Mais la conjoncture est loin d’être au beau fixe avec une forte inflation et une économie pas totalement remise de la pandémie de Covid. La bonne tenue du real, qui affiche l’une des meilleures performances parmi les devises émergentes, témoigne de la confiance des investisseurs sur ce marché. Toutefois, les actions brésiliennes ont réduit ces dernières semaines leurs gains alors que la perspective de l’élection présidentielle et des législatives début octobre et le resserrement monétaire commencent à peser.

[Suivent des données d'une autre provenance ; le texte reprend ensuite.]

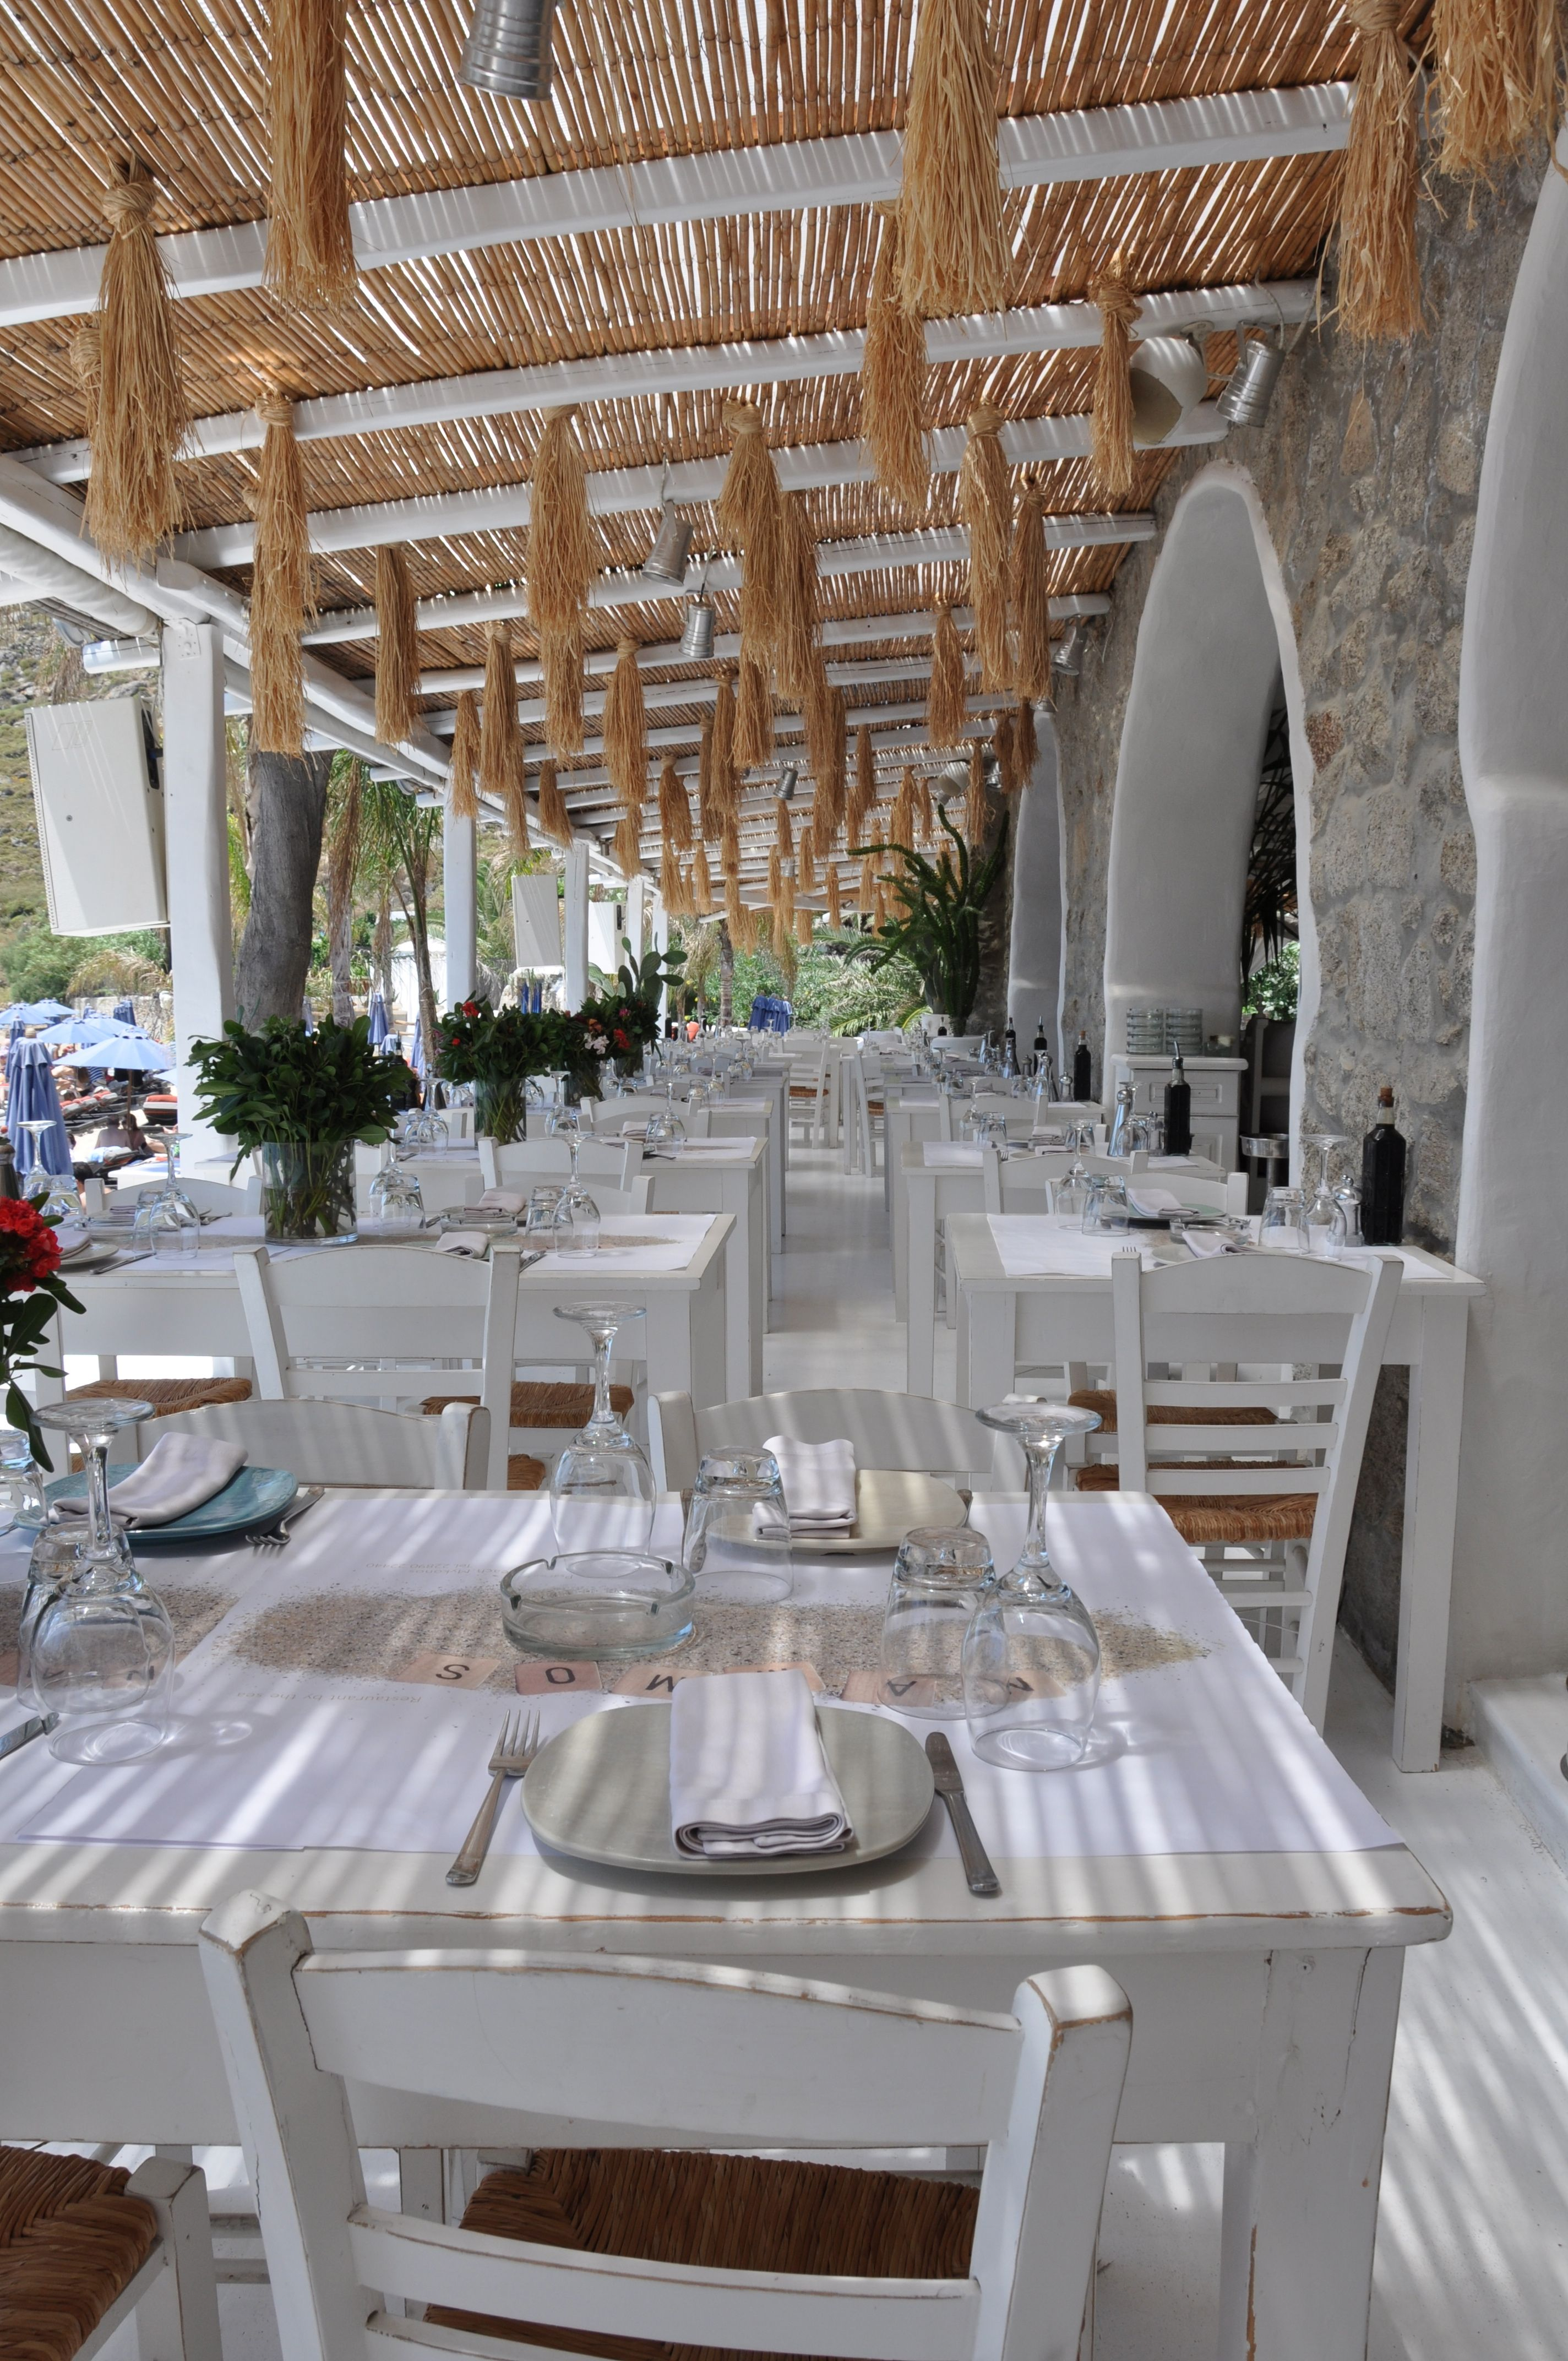 nammos beach restaurant the best mykonos | feldmann`s tips

Dans une enquête de Reuters auprès des investisseurs, ces derniers ont revu en baisse leur anticipation de progression pour ce marché cette année à 6%. «Le résultat de l’élection ne devrait pas avoir d’impact car le marché sait à quoi s’en tenir avec les deux principaux candidats (Jair Bolsonaro et Luiz Inacio Lula da Silva) dont il n’attend pas grand-chose», affirme Bruno Vanier.
Une couverture face à l’inflation
En Europe, les marchés les mieux orientés bénéficient également de leur composition sectorielle. Minières et valeurs exportatrices pour l’indice FTSE 100 à Londres et énergie, tourisme et banques pour l’Ibex 35 à Madrid (porté également par la performance de Telefonica, sa plus grosse pondération) ou le PSI 20 à Lisbonne (+12,1% depuis janvier). «La bonne tenue de l’Ibex est principalement due à un mix sectoriel favorable, explique Emmanuel Cau, stratégiste actions chez Barclays. Les pétrolières (Repsol), les bancaires (Sabadell et Caixa) et les télécoms (Telefonica), qui font partie des plus importants poids de l’indice, sont parmi les meilleures performances cette année en Europe.»
La meilleure performance sur les marchés actions cette année n’est toutefois pas liée à la composition sectorielle du marché mais à la volonté des investisseurs locaux de couvrir leurs portefeuilles face à la flambée de l’inflation. L’indice BIST 100 de la Bourse d’Istanbul a bondi de 38,4% depuis janvier (en monnaie locale) à un plus haut historique. En parallèle l’inflation s’est envolée à 70% en rythme annualisé. Les achats des investisseurs locaux compensent la fuite des non-résidents dont la part dans les actions turques atteint un point bas à 35%, après avoir vendu 2,2 milliards de dollars de ces titres. Et ce malgré une valorisation de seulement 4,5 fois les bénéfices anticipés à un an, soit une décote de 60% par rapport à l’indice émergent.